Development of sign language learning system/
Caryl Ann O. Eusoya, Justin Lloyd P. Magat, Raffy A. Morada, Jecele A. Sombese, and Danica C. Valera .--
- Manila: Technological University of the Philippines, 2024.
- x, 156pages: 29cm. +1 CD-ROM (4 3/4in.)
Thesis (undergraduate)
College of Industrial Technology.--
Includes bibliography:
This thesis presents the development of a sign language learning system to improve American Sign Language (ASL) education for both hearing and non-hearing individuals in the Philippines. The barriers to deaf education and difficulties in accessing ASL instruction motivated this research.

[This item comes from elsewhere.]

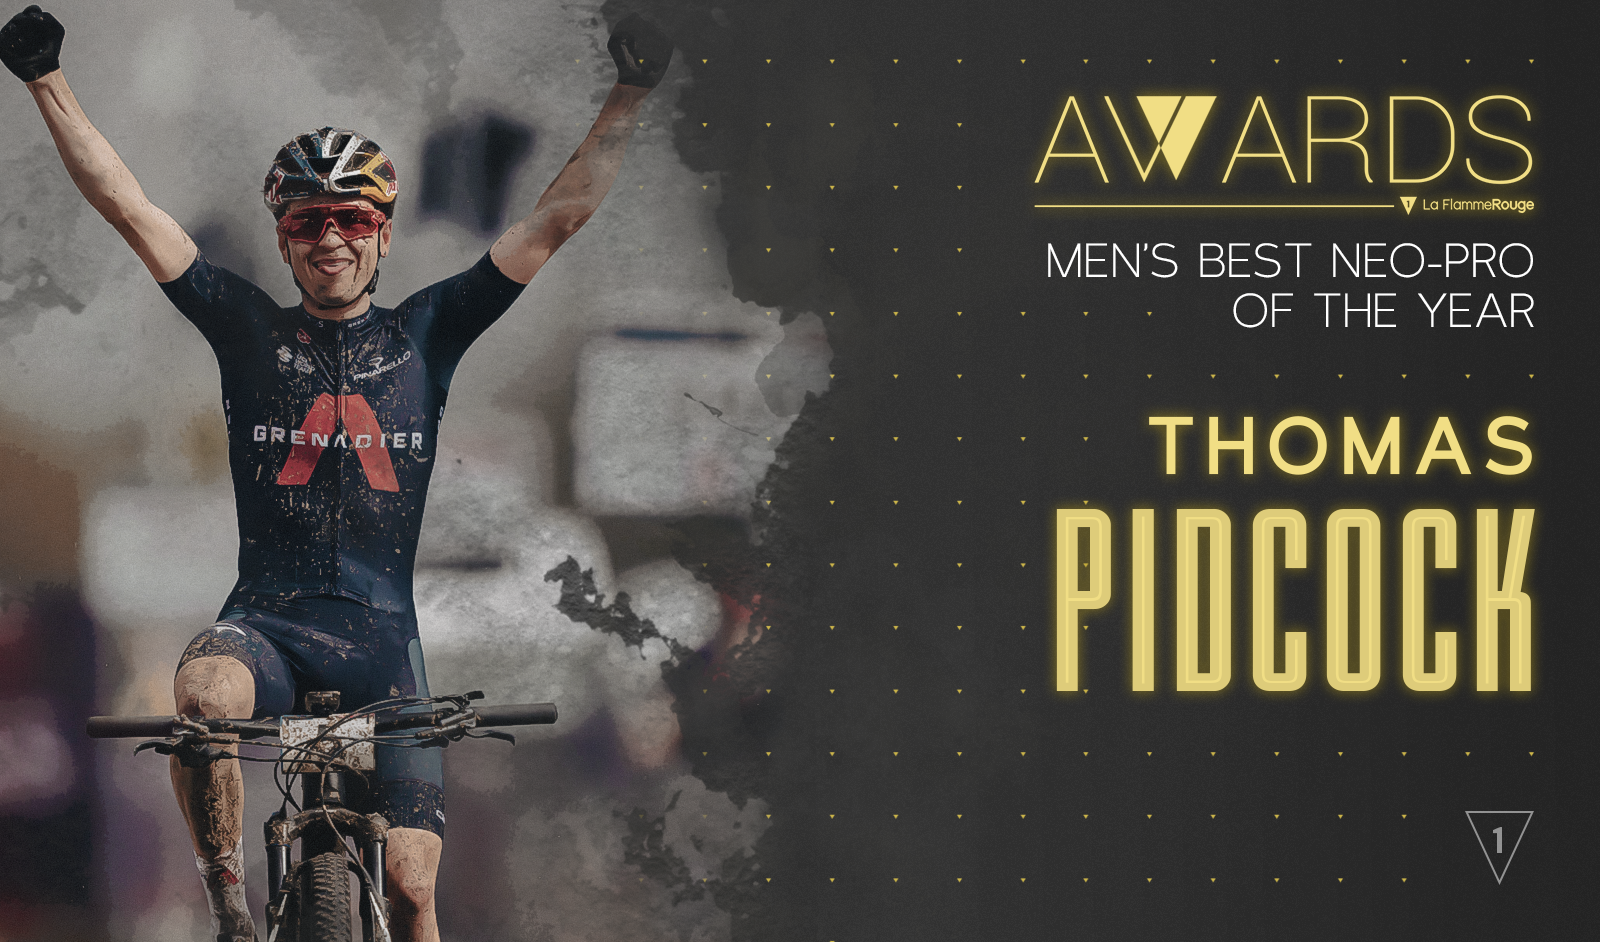 Men’s best neo-pro of the year

The system was designed using Python, TypeScript, Tailwind, Next.js, Flask, LSTM neural networks, and MediaPipe for motion tracking. It utilizes a camera for gesture recognition, a monitor for interactive video lessons, and assessments to track progress. Testing was conducted with hearing and non-hearing students, as well as experts, using ISO 25010 quality standards. Results showed 88.89% passed test cases in the second iteration, indicating high system reliability. Overall effectiveness evaluations revealed excellent ease of use, quality of output, accuracy, and performance. Twenty four (24) respondents evaluated the project using Likert’s scale and the descriptive interpretation of the mean for functionality (x̄= 4.63), usability (x̄= 4.73), efficiency (x̄= 4.69), credibility (x̄= 4.48), and cost-effectiveness (x̄= 4.94), with an over all mean of 4.69 that indicates a descriptive rating of strongly agree. The learning system enables an immersive ASL education experience tailored to beginner and intermediate skills. It facilitates inclusive learning spaces while promoting awareness. This research successfully demonstrates the potential for motion-based technologies to transform sign language pedagogy through adaptive, engaging multi-media tools. The system can be expanded through advanced vocabulary, optimized tracking, and personalized assessments to spread accessible ASL literacy.